But here’s a secret: most people will choose the poisoned wine if told to do so. They are basically negative, since they have no purpose in life since their society has no purpose. To their minds, meaning is inherent, thus if their friends or government or media says to drink the fatal wine, that’s as good as writing on the wall from an absent God. They view that meaning as inherent and that’s easier for them, because it doesn’t require them to forge in their souls the struggle to define themselves through difficult choices.
Most of these people just want an excuse to drink the poisoned wine. That lets them off the hook for consequences. Go down the path of destruction… now there are no expectations. Nothing but do-whatever-you-want. And both before civilization, and during the dying days of civilizations, do-whatever-you-want is the dominant rule. It is seen as a good thing, an inherent right, a divine commandment. And yet what it really is, is the absence of any desire to create meaning.

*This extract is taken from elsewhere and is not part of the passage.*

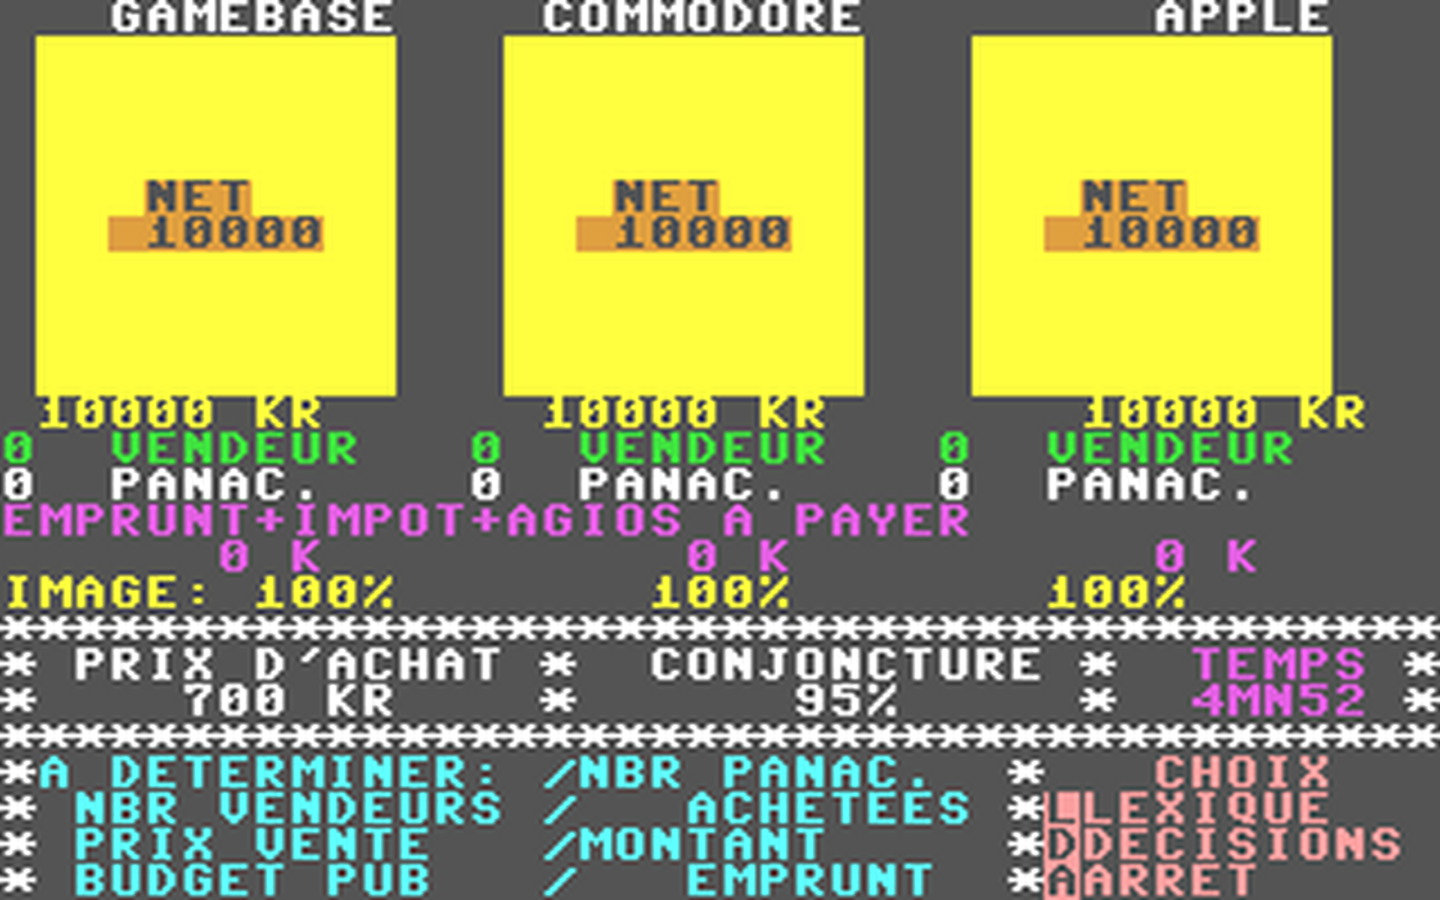 C64 GameBase Panach_64 Infomedia/Floopy_64 1986

Right now our world is again facing the issue of nationalism. With the birth of our specific form of liberalism in the French Revolution, we needed everyone to be an equal cog and so the new liberal movement has waged war against religion, heritage, culture, values and even language. But now we are realizing that was a misstep. We need a nation formed from inward-out by culture and heritage together. You cannot make a nation out of rules, because what is created is without meaning.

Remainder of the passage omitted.